Title VII makes it an unlawful employment practice for an employer to fail or refuse to hire or to discharge any individual, or otherwise discriminate against any individual with respect to his compensation, terms, conditions, or privileges of employment, because of such individual’s race, color, religion, sex, or national origin. See Bass v. Board of County Com’rs, Orange County, Fla., 256 F.3d 1095, 1103 (11th Cir.2001); see also 42 U.S.C. § 2000e-2(a).

“In order to prove discriminatory treatment in violation of Title VII, a plaintiff must first establish a prima facie case of discrimination.” Coutu v. Martin County Bd. of County Comm’rs, 47 F.3d 1068, 1073 (11th Cir.1995). We have stressed that courts should avoid a strict formulation of the elements of a prima facie case. See Carter v. City of Miami, 870 F.2d 578, 583 (11th Cir.1989). Absent direct evidence of discrimination, a plaintiff in a termination case can establish a prima facie case by showing that: (1) he is a member of a protected class; (2) he was subject to an adverse employment action; (3) he was qualified for the position held; (4) and he was replaced or treated less favorably than someone similarly situated outside of his protected class. Knight v. Baptist Hosp. of Miami, Inc., 330 F.3d 1313, 1316 (11th Cir.2003).

“To show that employees are similarly situated, the plaintiff must show that the employees are similarly situated in all relevant respects ... it is necessary to consider whether the employees are involved in or accused of the same or similar conduct and are disciplined in different ways.” Knight, 330 F.3d at 1316. An employee who committed multiple infractions is not similarly situated to an employee who committed one infraction. Silvera v. Orange County School Bd., 244 F.3d 1253, 1259 (11th Cir.2001).
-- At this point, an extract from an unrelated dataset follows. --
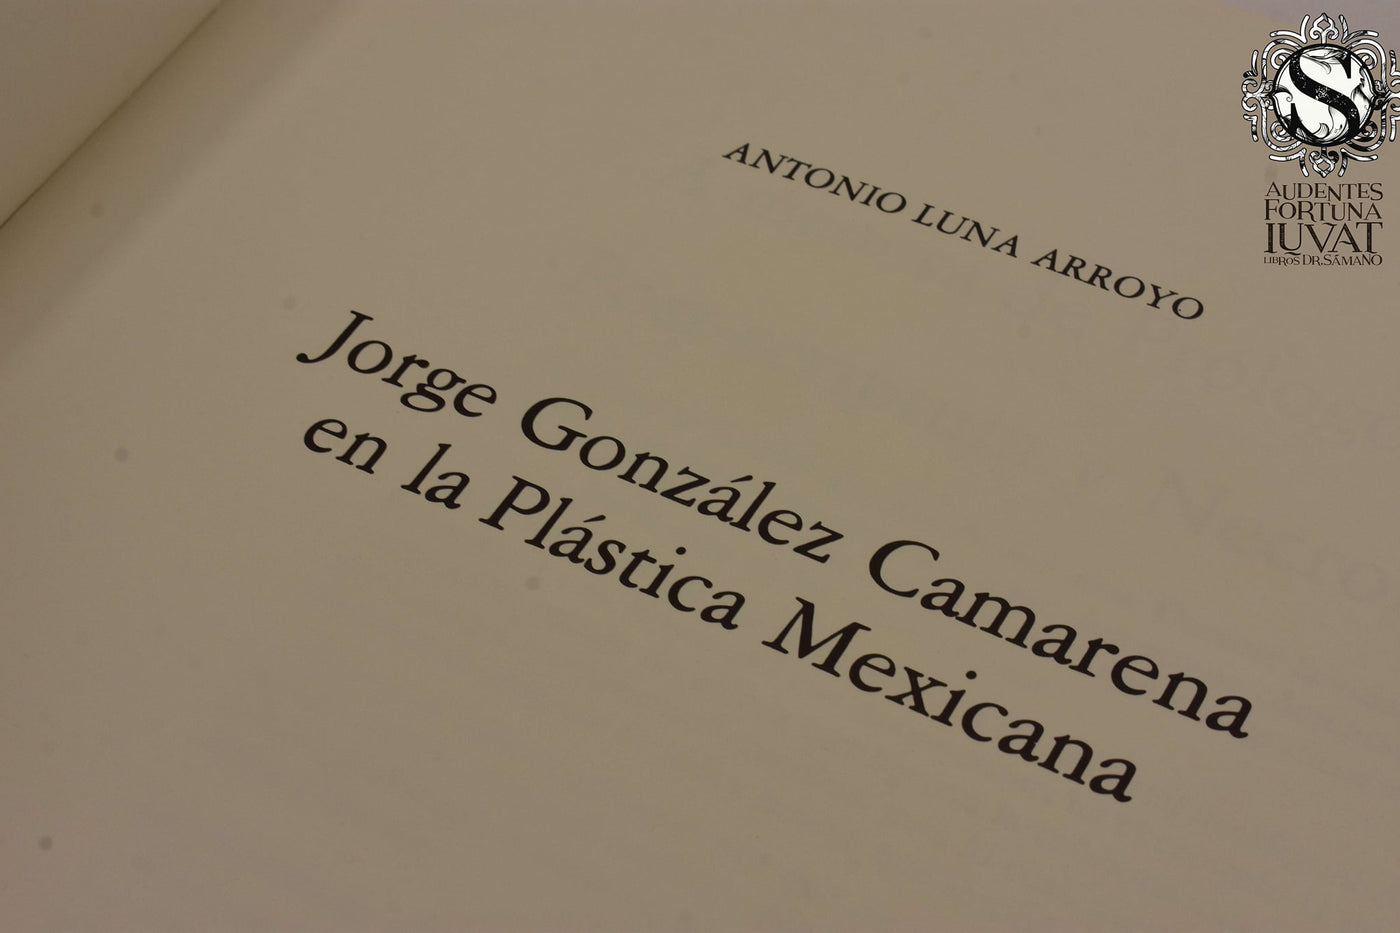 JORGE GONZÁLEZ CAMARENA EN LA PLÁSTICA MEXICANA - Antonio Luna Arroyo

“A prima facie case of discrimination raises the inference that discriminatory intent motivated the adverse employment action.” Coutu, 47 F.3d at 1073. “The employer may rebut this inference by ‘clearly articulating in a reasonably specific manner a legitimate non-discriminatory reason’ for the adverse action.” Id. quoting Conner v. Fort Gordon Bus Co., 761 F.2d 1495, 1499 (11th Cir.1985). “The heart of the pretext inquiry is not whether the employee agrees with the reasons that the employer gives for the discharge, but whether the employer really was motivated by those reasons.” Standard v. A.B.E.L. Servs., Inc., 161 F.3d 1318, 1333 (11th Cir.1998). “Once the employer satisfies this burden of production, the plaintiff then has the burden of persuading the court that the proffered reason is a pretext for the true discriminatory reason.” Coutu, 47 F.3d at 1073. “If the plaintiff does not proffer sufficient evidence to create a genuine issue of material fact regarding whether each of the defendant employer’s articulated reasons is pretextual, the employer is entitled to summary judgment on the plaintiffs claim.” Chapman v. AI Transp., 229 F.3d 1012, 1024, 1025 (11th Cir.2000) (en banc).

Upon review of the record and upon consideration of the parties’ briefs, we find no reversible error.

The district court did not err in granting summary judgment for EESI because Abbes did not present a prima facie case of national origin discrimination. EESI concedes that Abbes, a Tunisian, is a member of a protected class and that he was terminated. Further, Abbes was qualified for an engineering position with EESI.